Complex compounds are made up of a central metal ion with one or more ligands. Complex compounds continue to be developed in the field of medicine. Cis-platin, a complex compound used as the first anticancer drug, experienced rapid development in the 1960s. However, platinum-based complexes cause side effects at certain doses and provide drug resistance during the therapeutic process. It triggered the development and discovery of new non-platinum based complex compounds. One of the transition metals used in the synthesis of anticancer complex compounds is Cu (II). Cu(II) is an essential element and plays an important role in the human body as a constituent of redox enzymes and hemocyanin. Therefore, Cu(II) metal is expected to have good anticancer activity capabilities. Previous research has shown the effectiveness of imidazole-based complex compounds and their derivatives in countering and showing cytotoxic effects on cancer cells. Nitrogen atoms, as donor electron pairs, can form complex compounds with metals. The effectiveness of these compounds in fighting cancer is related to their interaction with DNA. Other nitrogen atoms contained in complex compounds can interact non-covalently. The positive charge of metals can be involved in electrostatic interactions with the negative charge of the sugar-phosphate group on DNA. For this reason, complex compounds of Cu (II) metal ions made with 2,4,5-triphenyl-1H-imidazole ligands in this study were tested for anticancer activity by MTT method in vitro against breast cancer cells (T74D cells) and cervix cancer cells (HeLa cells).
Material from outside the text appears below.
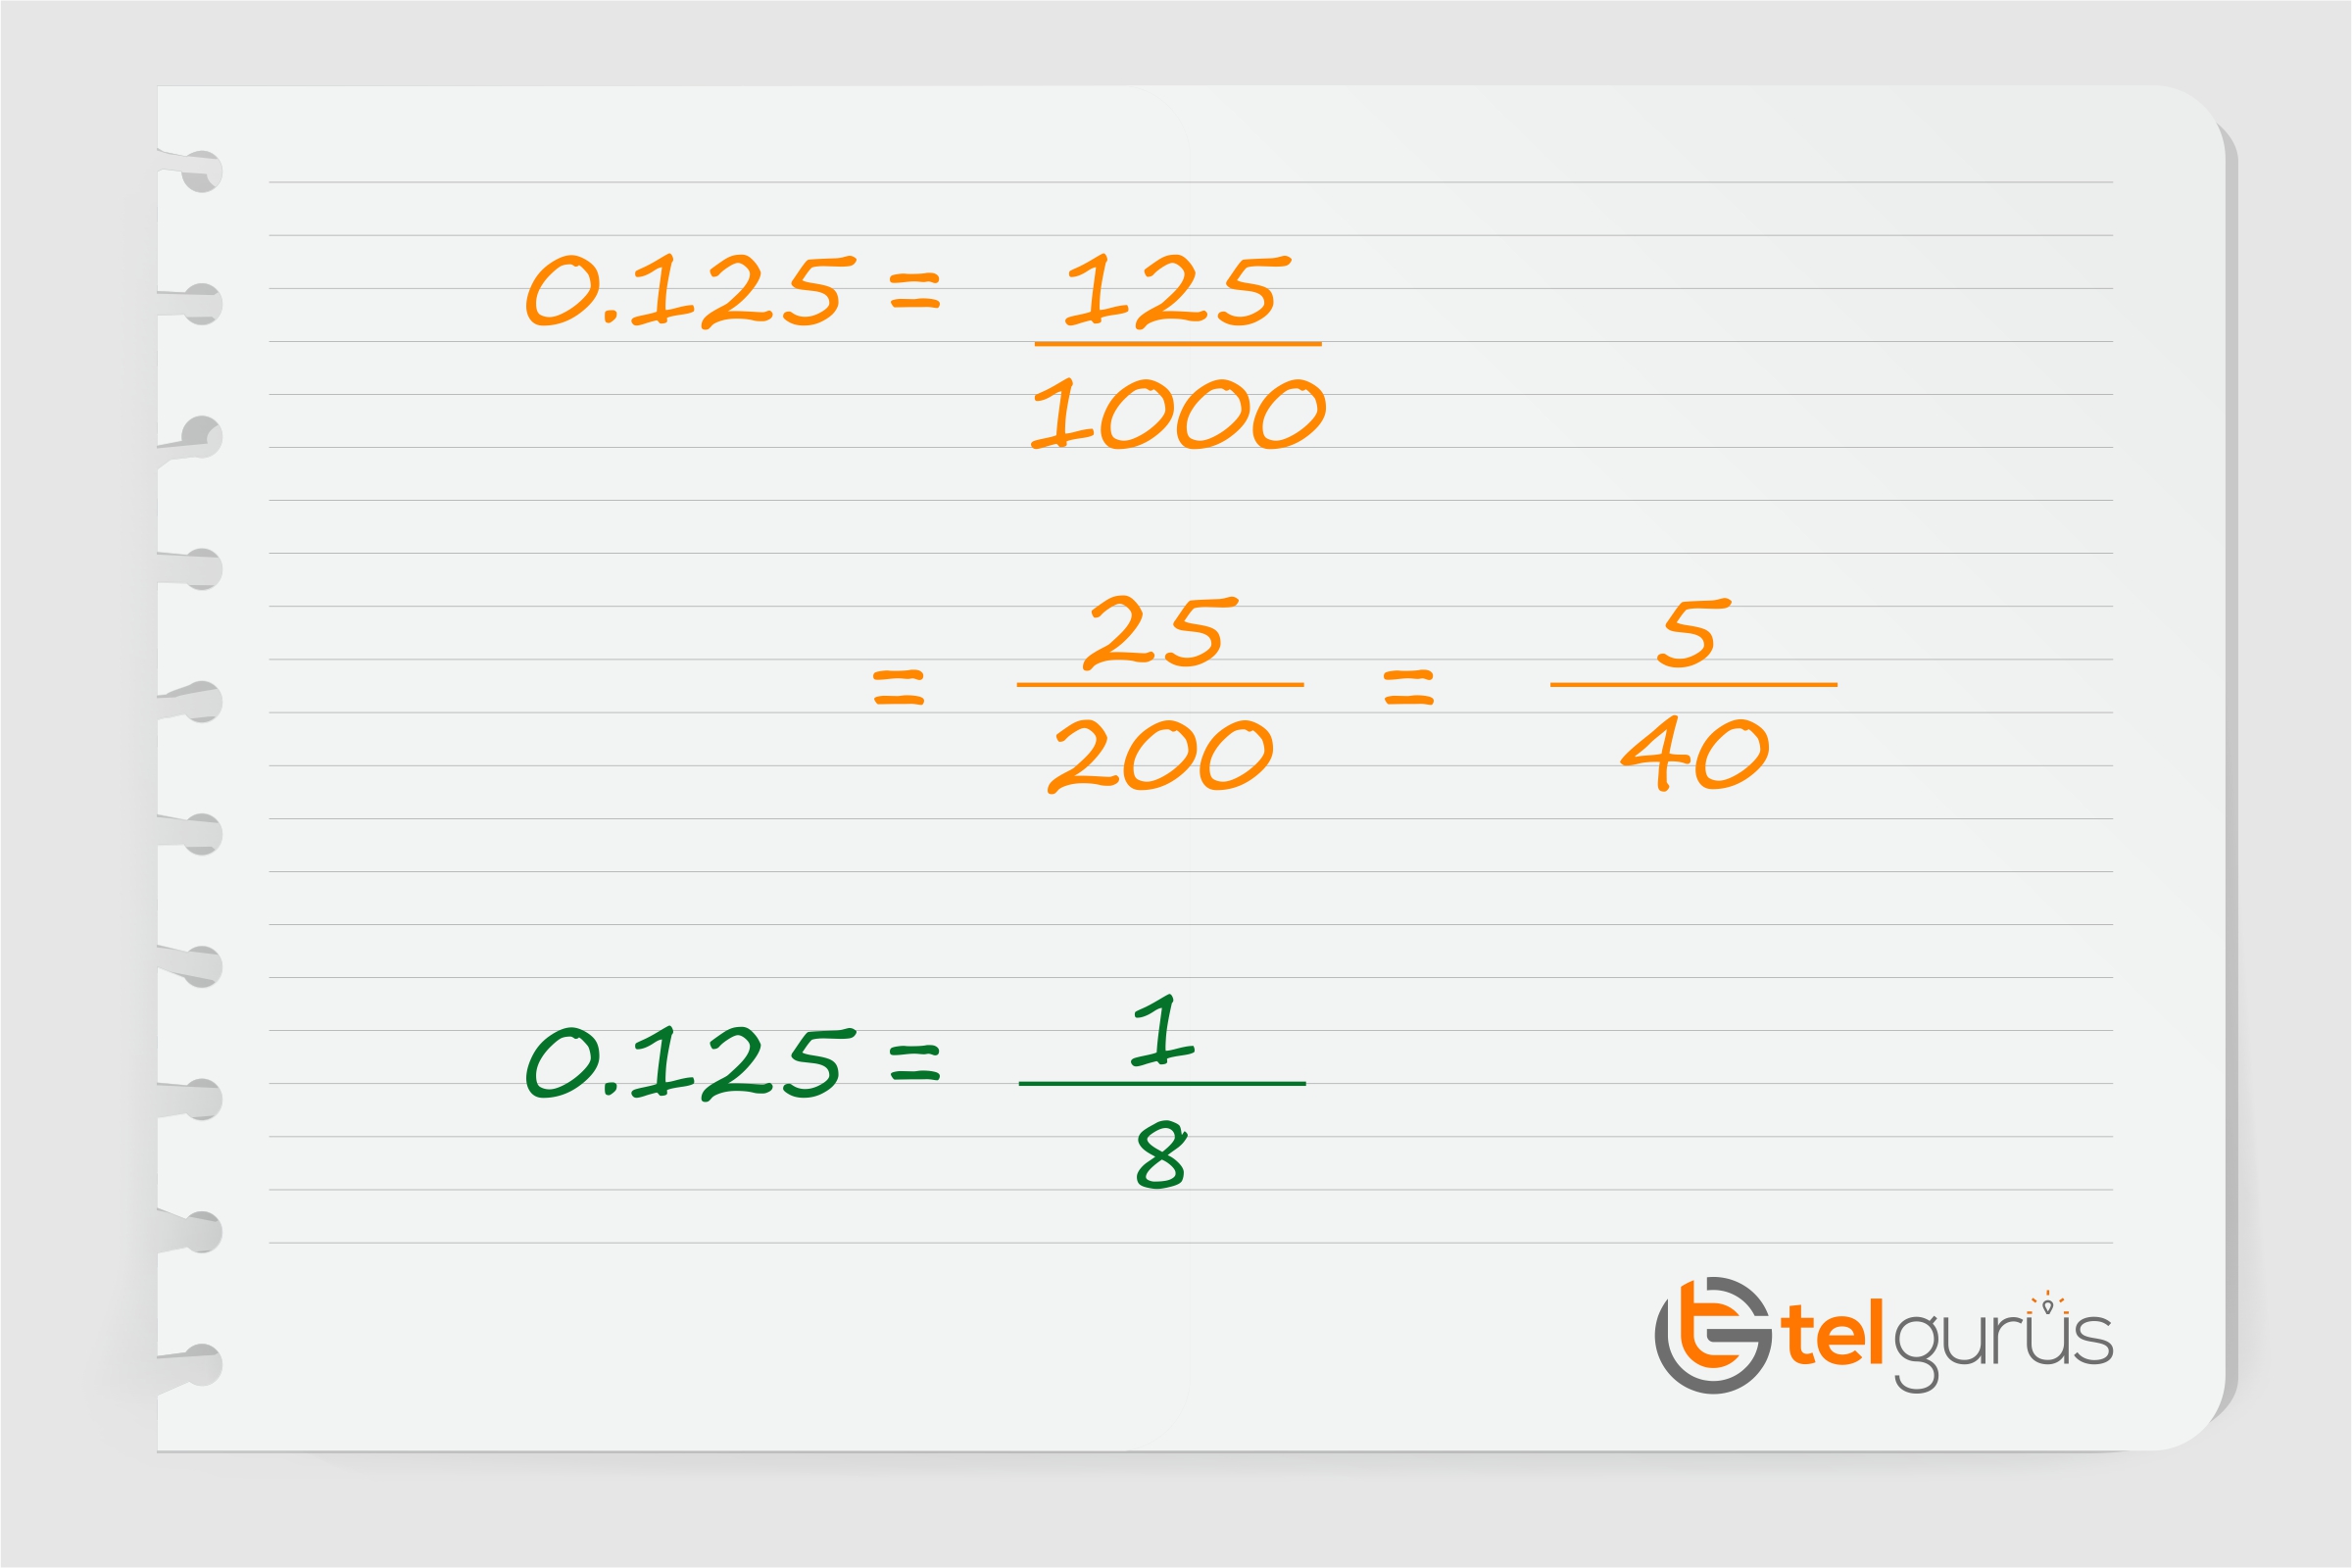 How would you convert the decimal 0.125 into a fraction in its simplest form?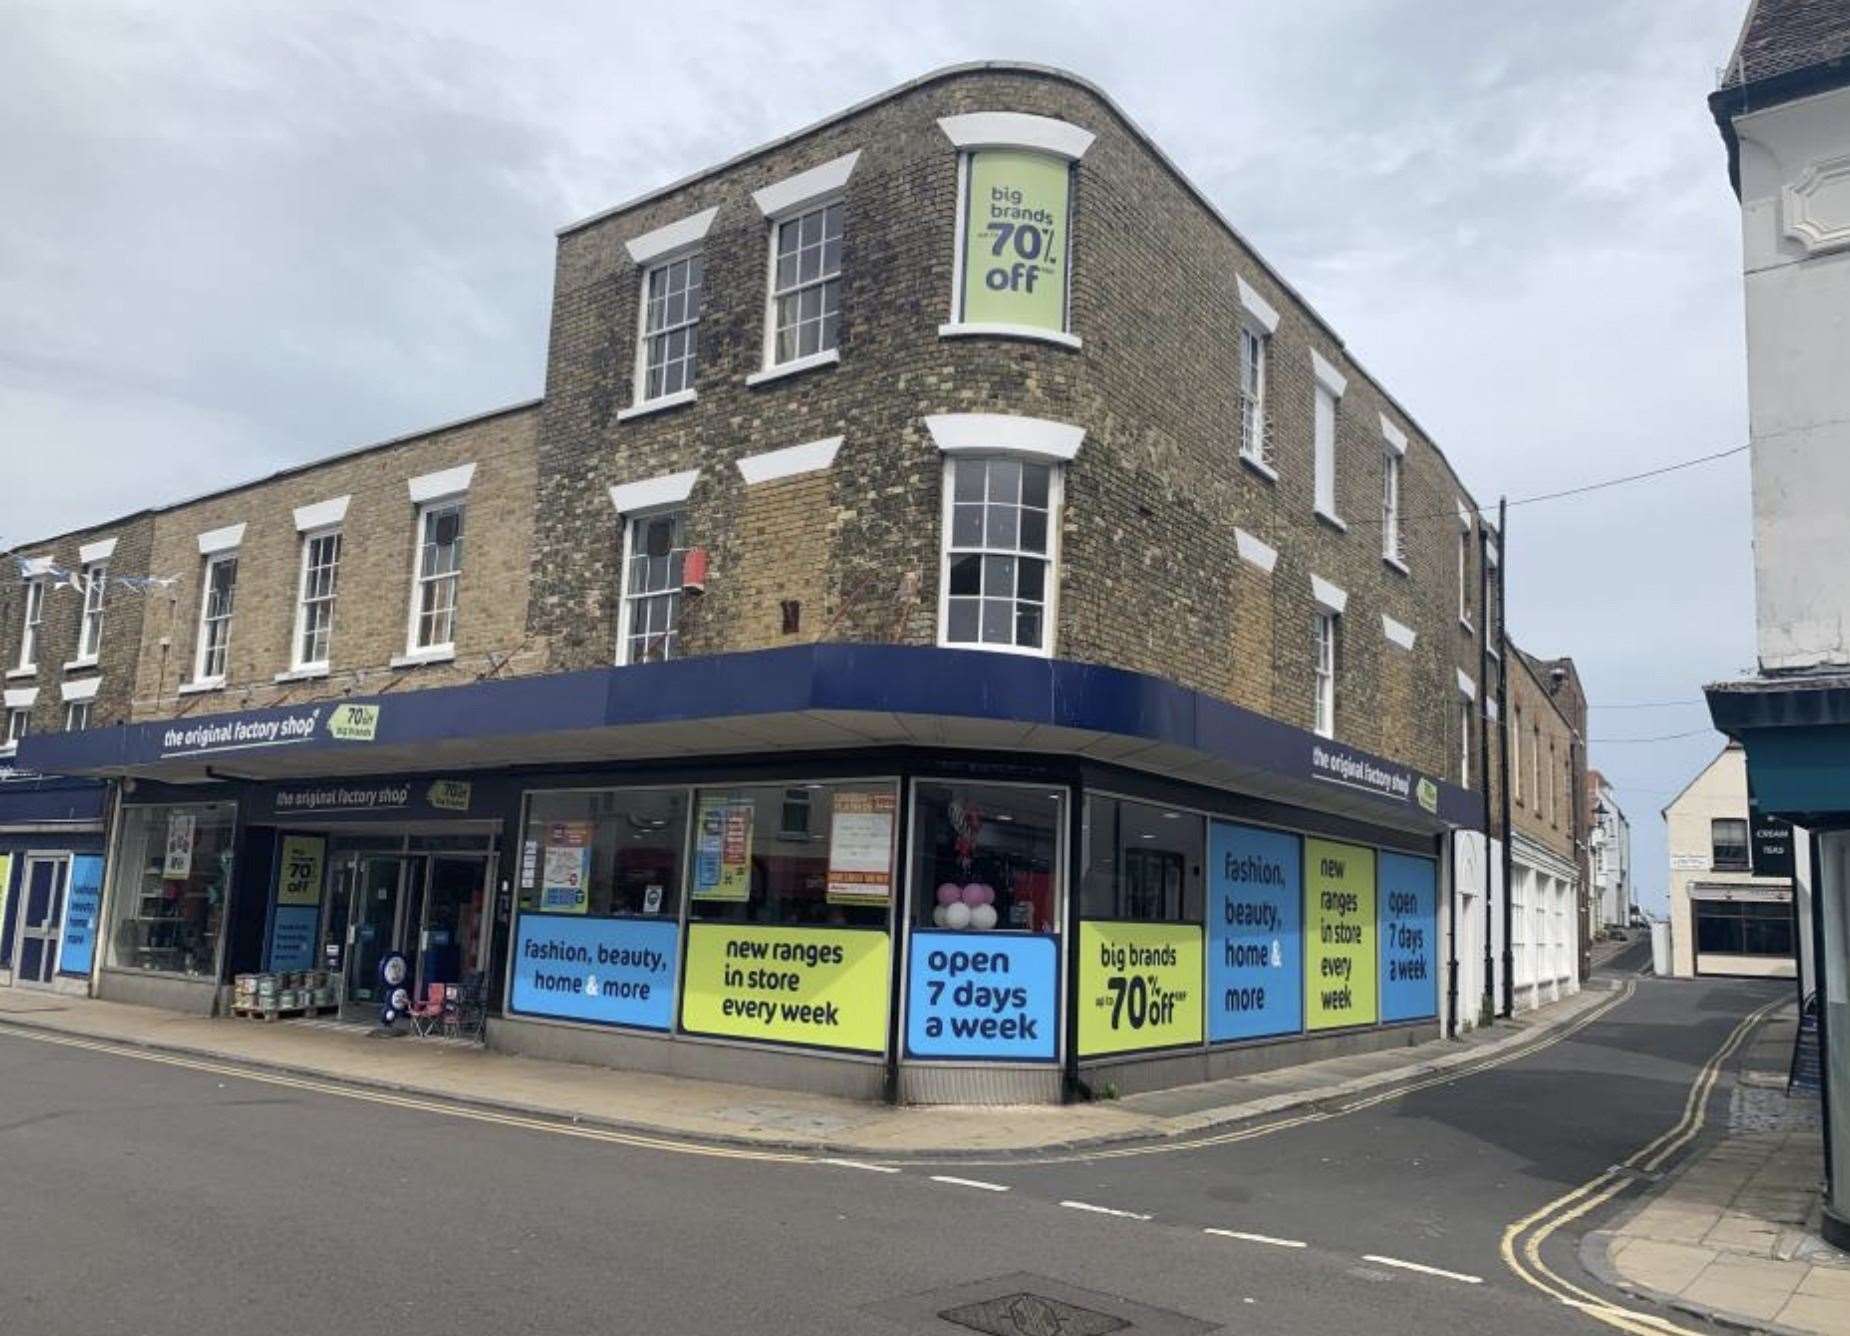 The Original Factory Shop on Deal High Street would be turned into a number of separate shops under the plans. Picture: Planning portal

In this research, the complex compound which has been obtained is in the form of a solid needle and contains 72.127% of complex Cu (II) -2.4,5-triphenyl-1 H- imidazole. The maximum wavelengths of the 2,4,5-triphenyl-1 H -imidazole ligand and the complex Cu (II) -2,4,5-triphenyl-1 H -imidazole are 243 nm and 529 nm, respectively. The increase in maximum wavelength changes is caused by the electron transition d-d which results in the transfer of charge from the metal to the ligand. These data support previous research which showed that the maximum wavelength of the complex Cu (II) -arylazoimidazole shifted toward a larger wave compared to the 2,4,5-triphenyl-1 H -imidazole ligand.
The new peak in FTIR spectroscopy appears at wave number 422.38 cm -1 . In accordance with previous studies which showed the peak bond of metal and ligand (Cu-N) appeared at wave 453 cm -1 , whereas in H 2 O ligand appeared at 534.25 cm-1 indicating the presence of Cu-O vibrations. Thermogravimetric analysis of Cu (II) -2,4,5-triphenyl-1 H -imidazole was carried out at 25-600 ° C with a complex sample weight of 6.3670 mg. At TGA there was a decomposition stage. Weight reduction of 86.8791% occurred at 255.33-355.83 ° C indicating complex decomposition consisting of 2 2,4,4-triphenyl-1 H -imidazole ligand molecules, 2 H 2 O molecules and 1 Cl 2 molecules. This is consistent with the theory in which the 86.8791% weight reduction is a decomposition (C 21 H 16 N 2 ) 2 (H 2 O) 2 Cl 2 ). A residual of 13,1209% is predicted as Cu, as mentioned in a study which showed that CuO is the final residue of the complex [Cu (6-hydroxyphicholine) 2 (3-picolinate) 2 ] .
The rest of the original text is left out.